Tuesday, October 13, 2015

The Russian Revolution: The Civil War

The Civil War:
When the Bolsheviks ordered land redistribution, the Russian army began to break up. Soldiers, mostly peasants, wished to go home for the redistribution and deserted. Non-Bolshevik socialists, liberals and supporters of autocracy condemned the Bolshevik uprising. Their leaders moved to south Russia and organised troops to fight the Bolsheviks (the ‘reds’). During 1918 and 1919, the .greens. (Socialist Revolutionaries) and .whites. (pro-Tsarists) controlled most of the Russian empire.

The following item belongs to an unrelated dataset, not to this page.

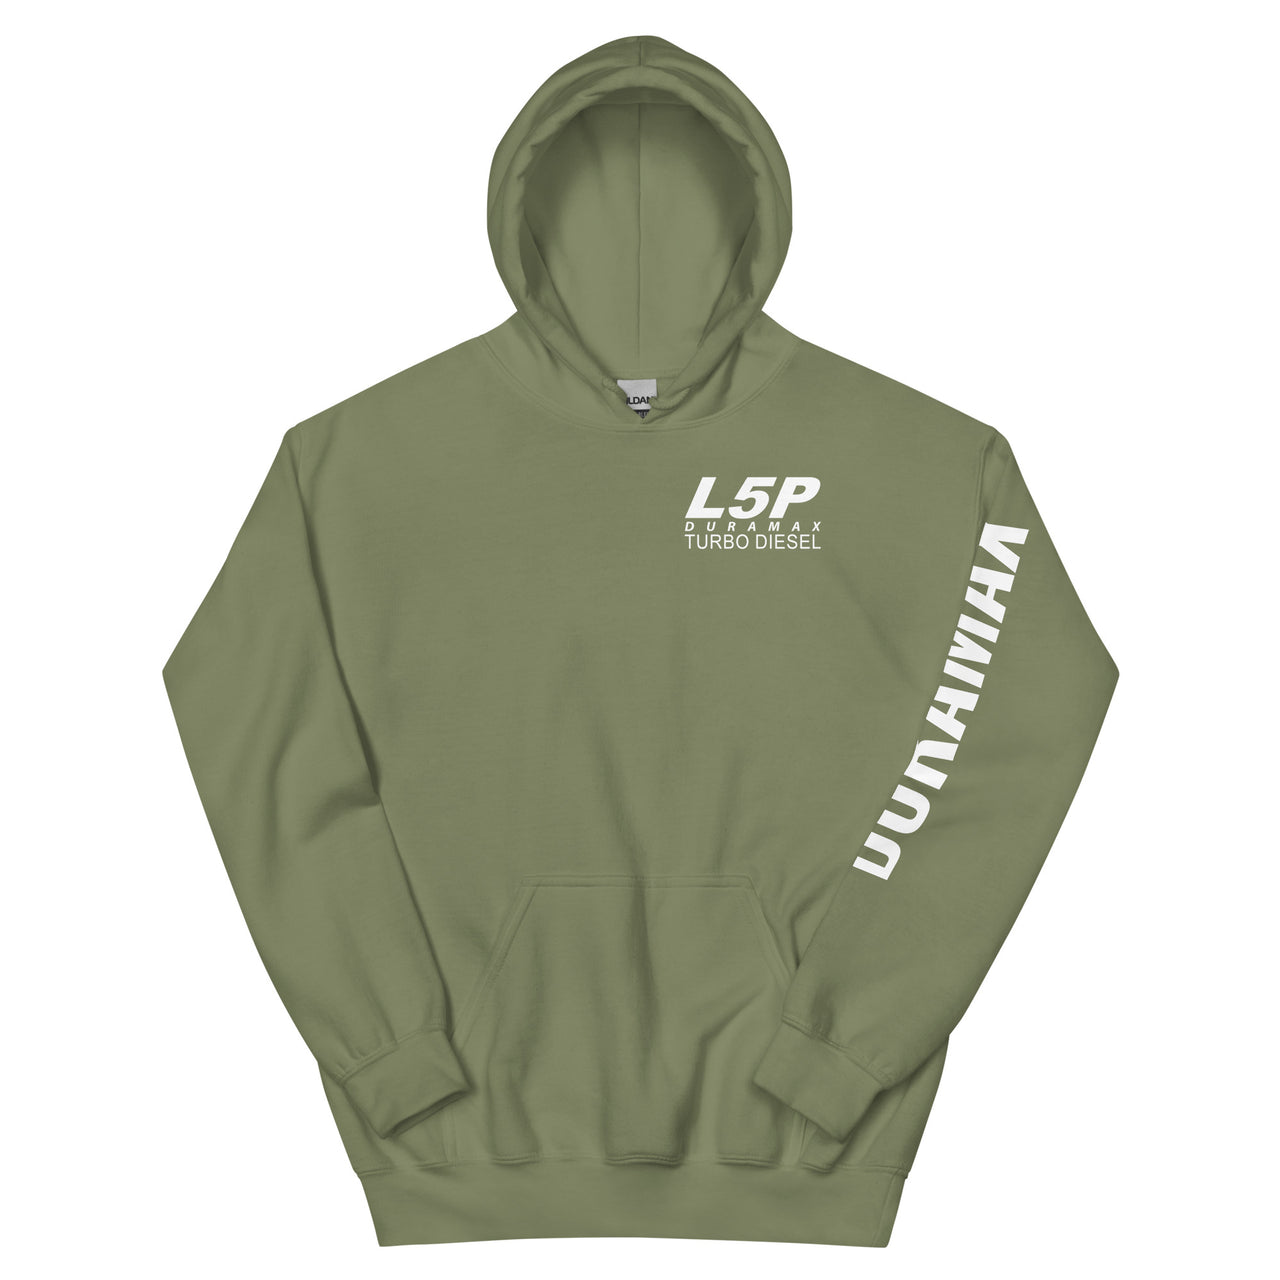 L5P Duramax Hoodie Pullover Sweatshirt With Sleeve Print - green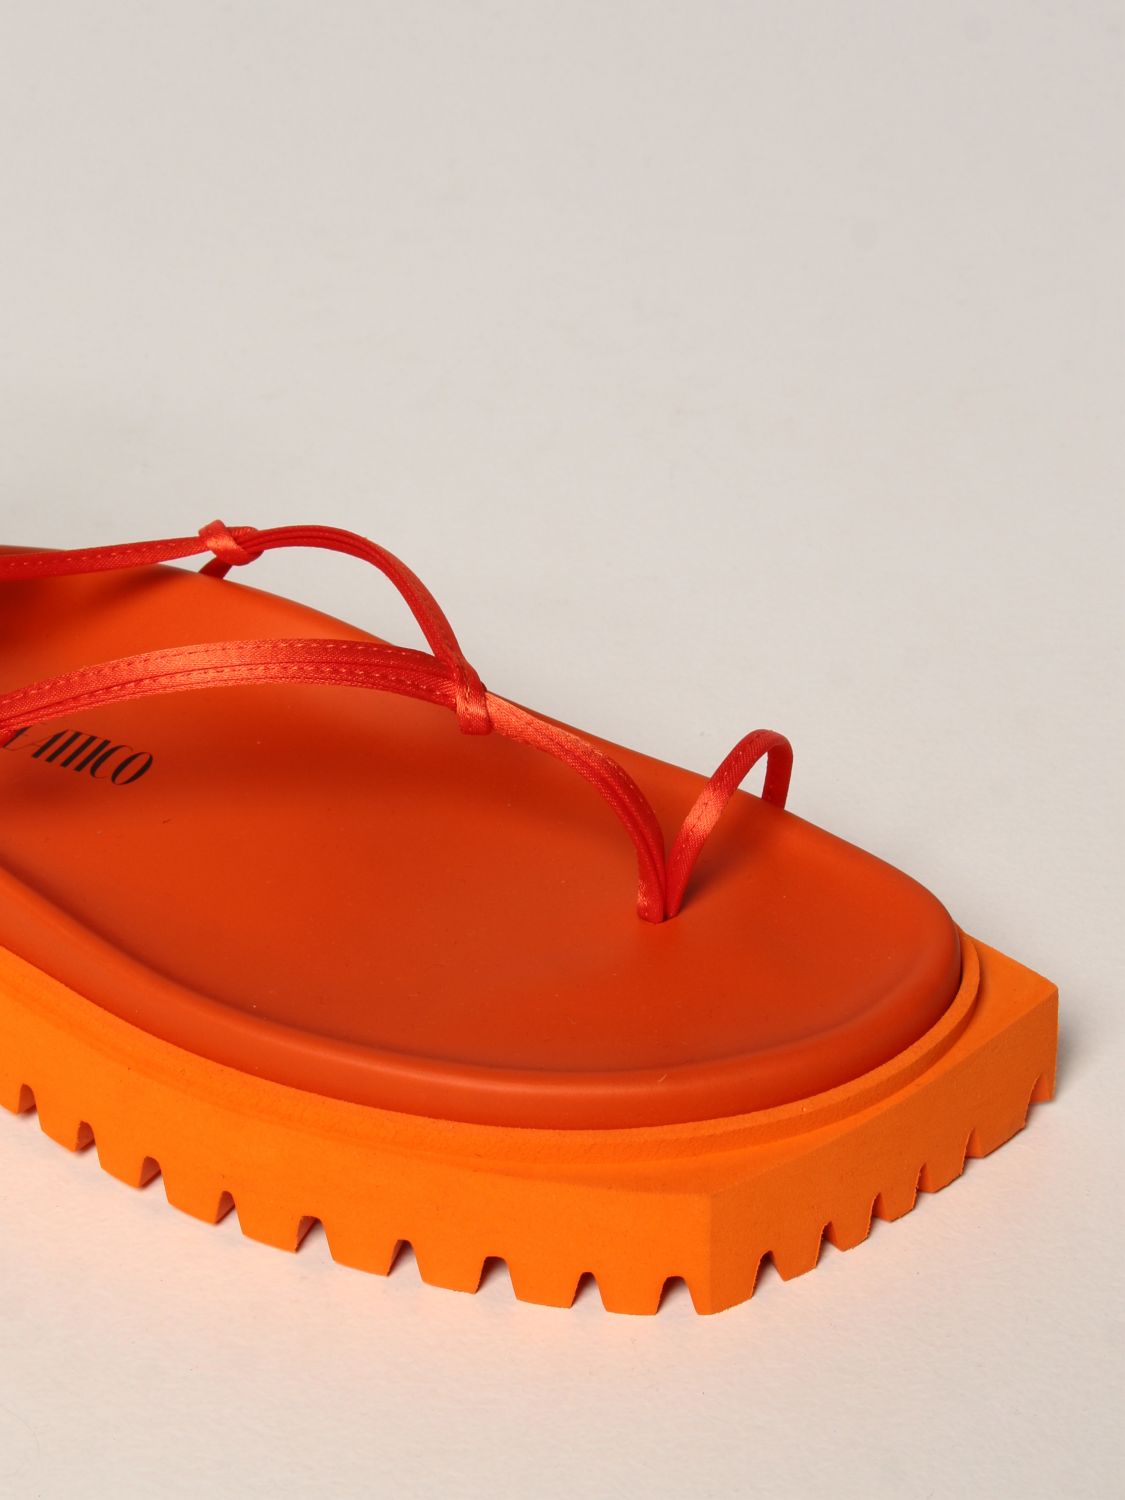 Sandales plates The Attico: Chaussures femme The Attico orange 4

They were backed by French, American, British and Japanese troops . all those forces who were worried at the growth of socialism in Russia. As these troops and the Bolsheviks fought a civil war, looting, banditry and famine became common.
Supporters of private property among .whites. took harsh steps with peasants who had seized land. Such actions led to the loss of popular support for the non-Bolsheviks. By January 1920, the Bolsheviks controlled most of the former Russian empire. They succeeded due to cooperation with non-Russian nationalities and Muslim jadidists. Cooperation did not work where Russian colonists themselves turned Bolshevik. In Khiva, in Central Asia, Bolshevik colonists brutally massacred local nationalists in the name of defending socialism. In this situation, many were confused about what the Bolshevik government represented. Partly to remedy this, most non-Russian nationalities were given political autonomy in the Soviet Union (USSR) . the state the Bolsheviks created from the Russian empire in December 1922. But since this was combined with unpopular policies that the Bolsheviks forced the local government to follow - like the harsh discouragement of nomadism (Lifestyle of those who do not live in one place but move from area to area to earn their living)- attempts to win over different nationalities were only partly successful.
Central Asia of the October Revolution: Two Views
M.N.Roy was an Indian revolutionary, a founder of the Mexican Communist Party and prominent Comintern leader in India, China and Europe. He was in Central Asia at the time of the civil war in the 1920s. He wrote:
‘The chieftain was a benevolent old man; his attendant…… a youth who….. spoke Russian….. He had heard of the Revolution, which had overthrown the Tsar and driven away the Generals who conquered the homeland of the Kirgiz. So, the Revolution meant that the Kirgiz were masters of their home again. “Long Live the Revolution” shouted the Kirgiz youth who seemed to be a born Bolshevik. The whole tribe joined’.
M.N.Roy, Memoirs (1964).
‘The Kirghiz welcomed the first revolution (ie February Revolution) with joy and the second revolution with consternation and terror….. [This] first revolution freed them from the oppression of the Tsarist regime and strengthened their hope that… autonomy would be realised. The second revolution (October Revolution) was accompanied by violence, pillage, taxes and the establishment of dictatorial power ….. Once a small group of Tsarist bureaucrats oppressed the Kirghiz. Now the same group of people….. perpetuate the same regime ....’
Kazakh  leader  in  1919,  quoted in Alexander Bennigsen and Chantal Quelquejay, Les Mouvements Nationaux chez les Musulmans de Russie, (1960).